Lennoxtown Training Centre is Celtic's training centre, located at Lennoxtown, East Dunbartonshire in Scotland. The complex houses the club's training and educational facilities.

==Background==
Lennoxtown was designed to replace Celtic's former training ground at Barrowfield (a short distance east of the club's stadium Celtic Park in the east end of Glasgow). The complex is built on former NHS land adjacent to the vacated Lennox Castle Hospital and is located on a 46 acre site near the Campsie Fells; half of the site has been developed in Phase One of the project to provide the existing training facilities with the remaining land being left for development in Phase Two which will provide conference facilities and live-in dormitory areas for young players. The centre houses Celtic's entire professional footballing operation and will host the home games for Celtic's ladies team.

For many years, the training facilities which Celtic provided at Barrowfield were seen as substandard and would be hidden from potential new signings. This fact was emphasised after their rivals Rangers opened their Auchenhowie complex in 2001 and Hearts opened their Riccarton academy with Heriot-Watt University in 2004. A number of club officials and players expressed sadness at leaving Barrowfield but saw it as a necessity for the modern game and that it would aid in helping Celtic attract players to the club.
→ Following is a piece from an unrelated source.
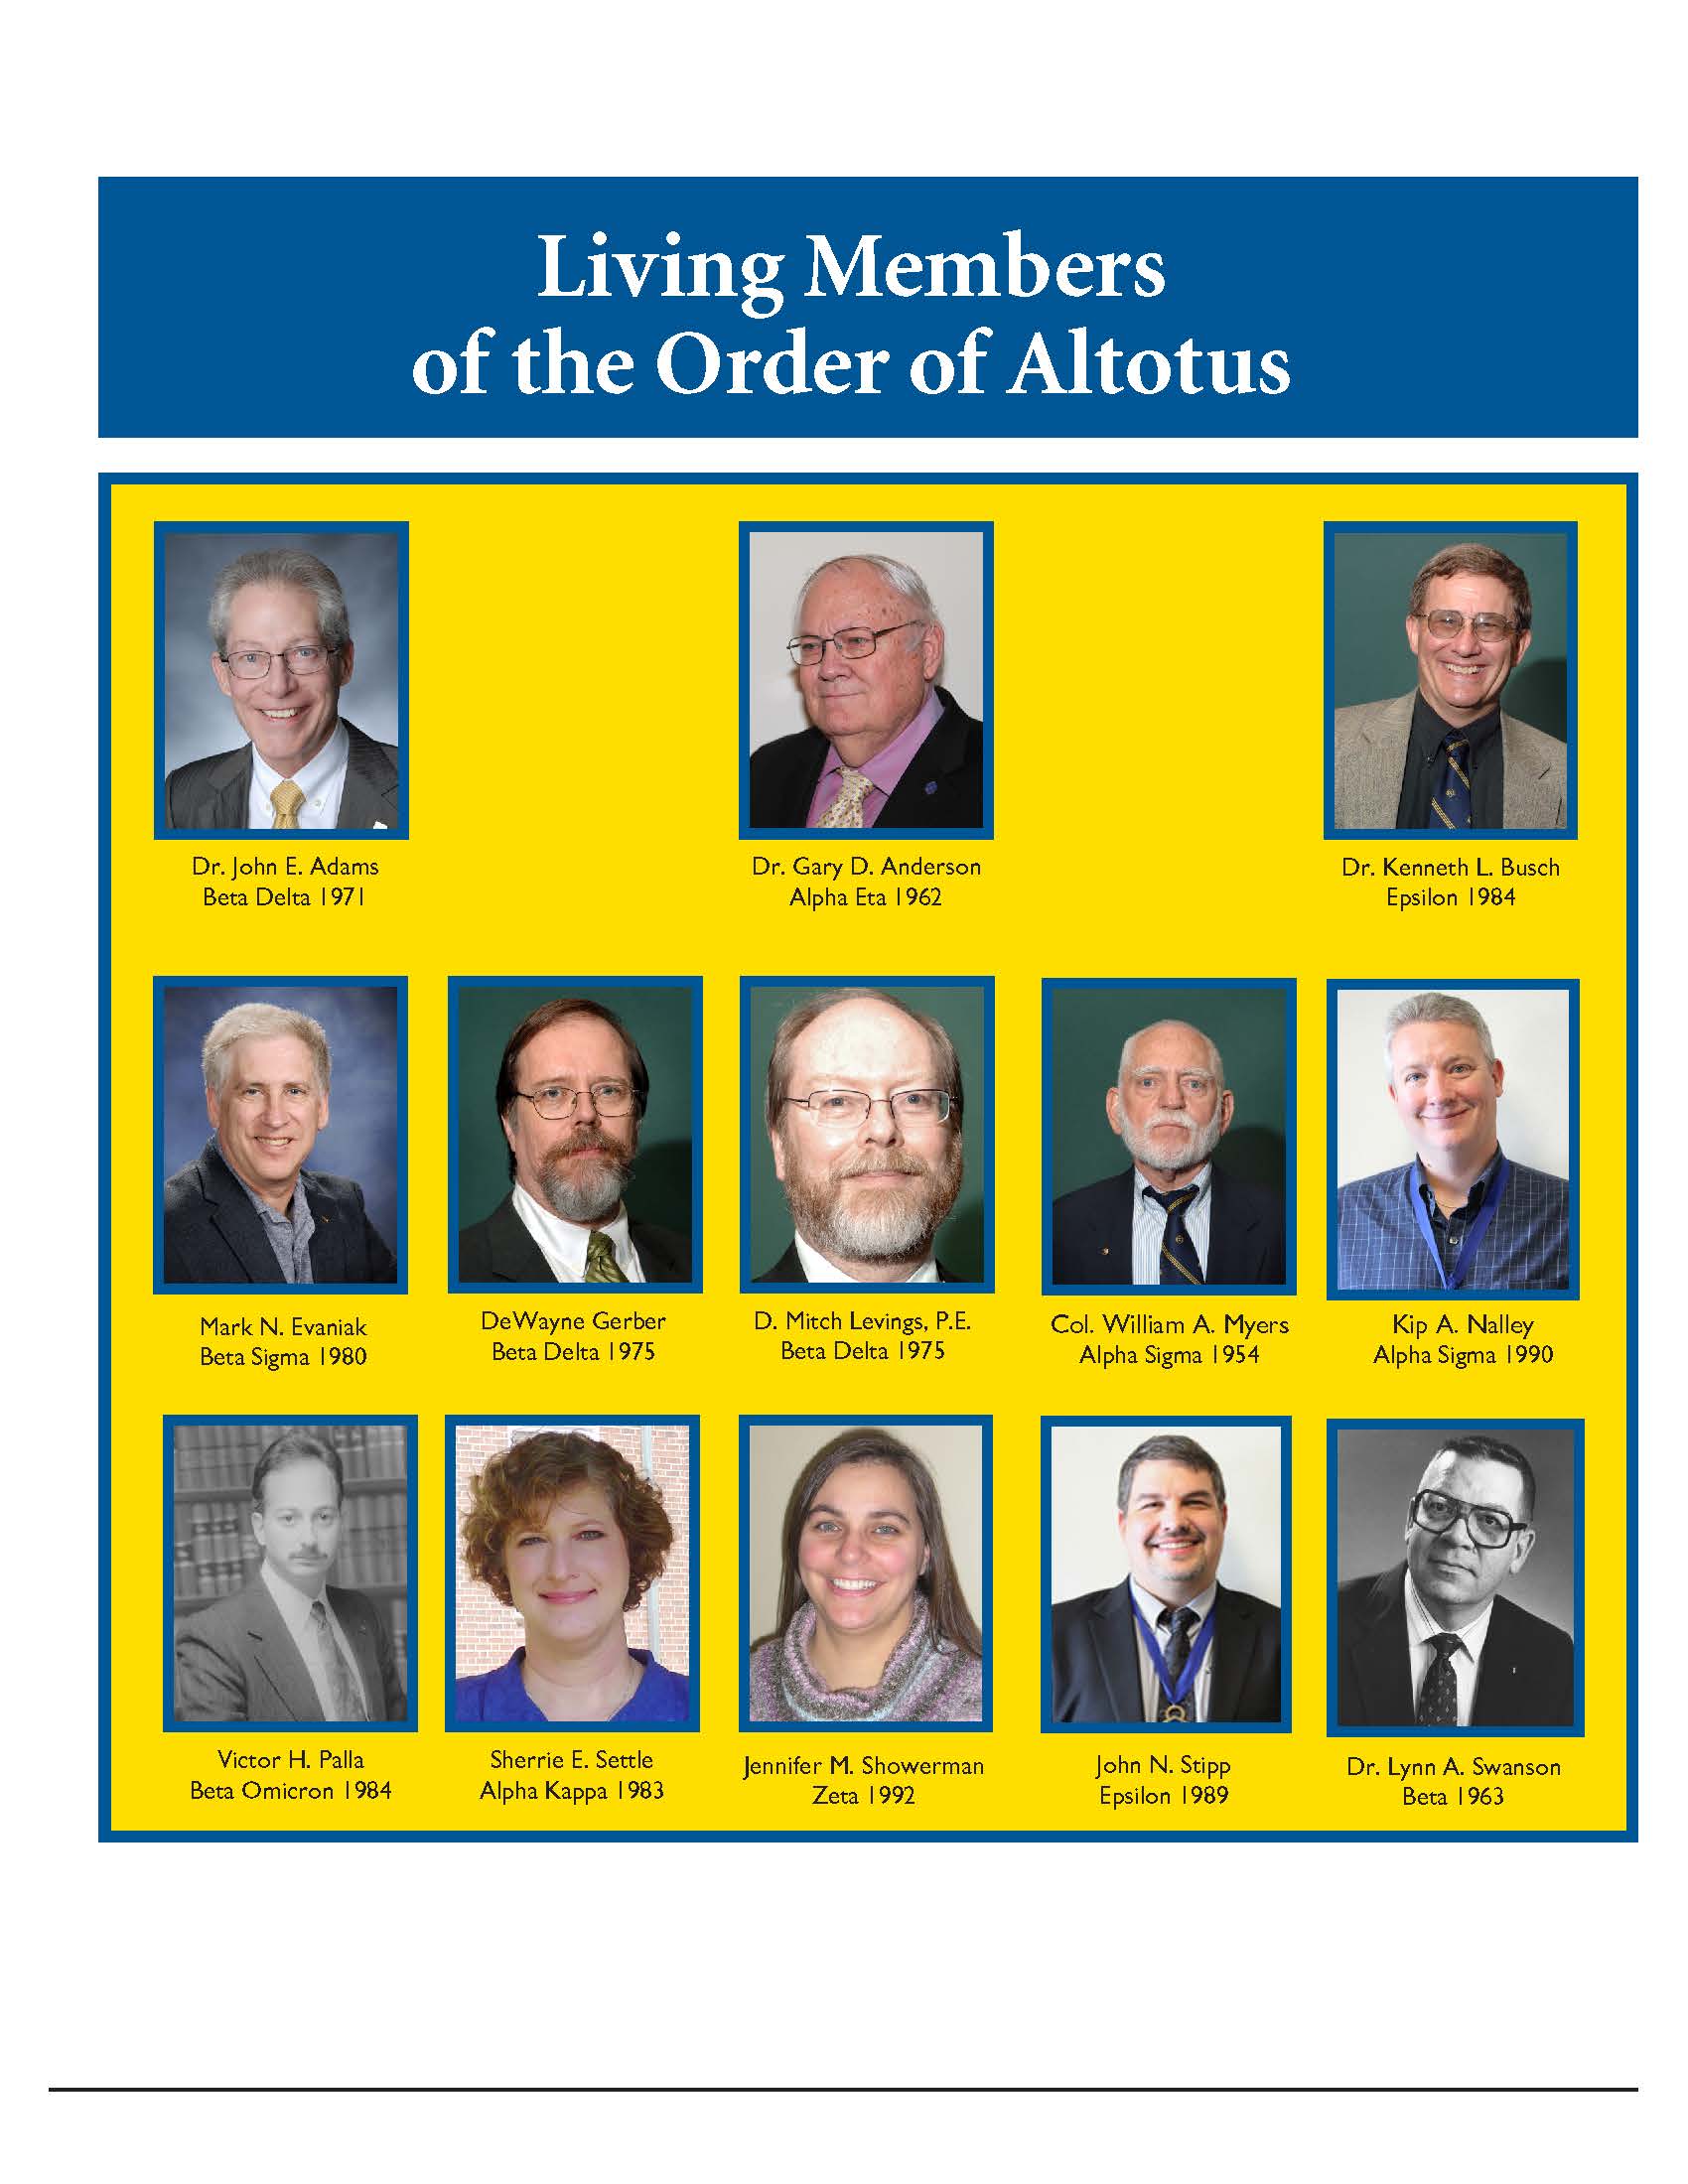 photos of living members of the Order of Altotus

Prior to its opening, Celtic youth team coach Willie McStay stated "after years of shuttling back and forth between Barrowfield, Celtic Park and several other temporary training venues, Lennoxtown will also allow the Youth Academy coaching staff to better utilise their time during the course of a season."

In 2005, Celtic launched a successful share issue which raised £15m, much of this money would be put towards providing new training facilities. Celtic coach Tommy Burns was tasked with undertaking a fact finding mission and travelled across Europe to visit other football clubs' training grounds. Celtic chose sections from Burns's report and this was added to by former Celtic bosses Martin O'Neill and Gordon Strachan.
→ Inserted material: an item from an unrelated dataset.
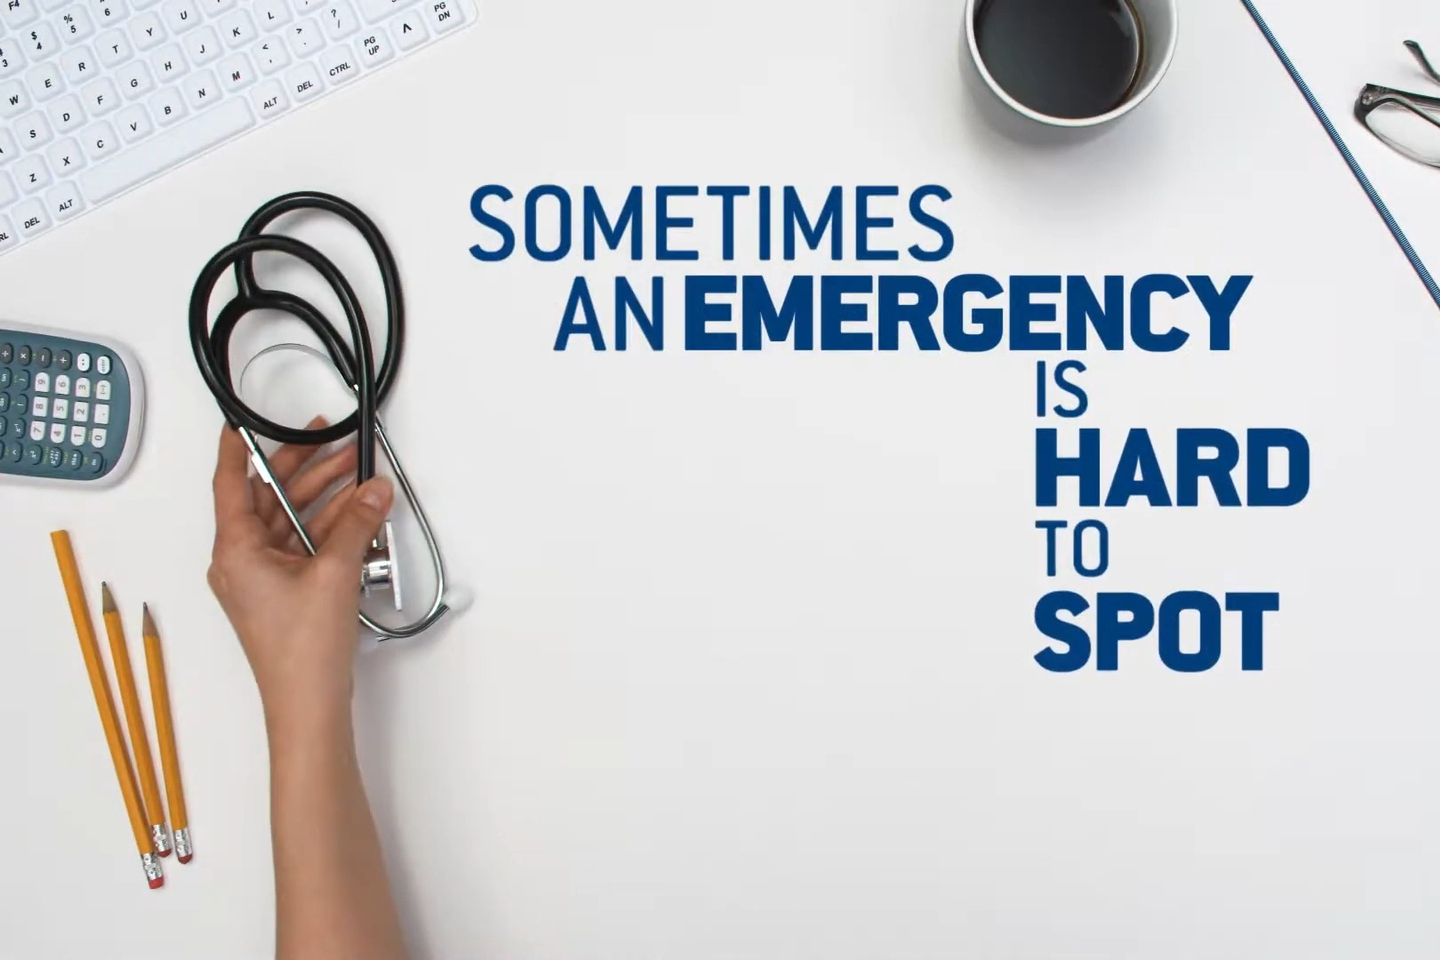 A person's hand reaches across a work desk holding a stethoscope, along with the text, "Sometimes an emergency is hard to spot."

In December 2005, East Dunbartonshire Council's planning board approved the outline planning application to develop the training facilities on the site. The following April, the council granted a detailed permission with the leader of East Dunbartonshire Council, John Morrison, stating "I'm sure that the residents of East Dunbartonshire are delighted at the prospect of this ambitious development in their area. The Celtic training facility will potentially contribute significantly to the development of Lennoxtown and will also bring wider employment and social benefits to the area.".

==Official opening==
The centre was officially opened on 9 October 2007 by Celtic chairman Brian Quinn at a ceremony where he was joined by Chief executive Peter Lawwell, then-Celtic manager Gordon Strachan and then Celtic captain Stephen McManus.

==Facilities==
£8 million was spent on the construction. Indoor facilities include an indoor training hall, a fitness centre with gym and fitness suite, physio and medical facilities, sauna and steam room and hydrotherapy pool, Sports science/sports development facility, changing facilities, classroom/education facilities, football administration offices, media facilities, kit room, laundry and Groundsman's compound.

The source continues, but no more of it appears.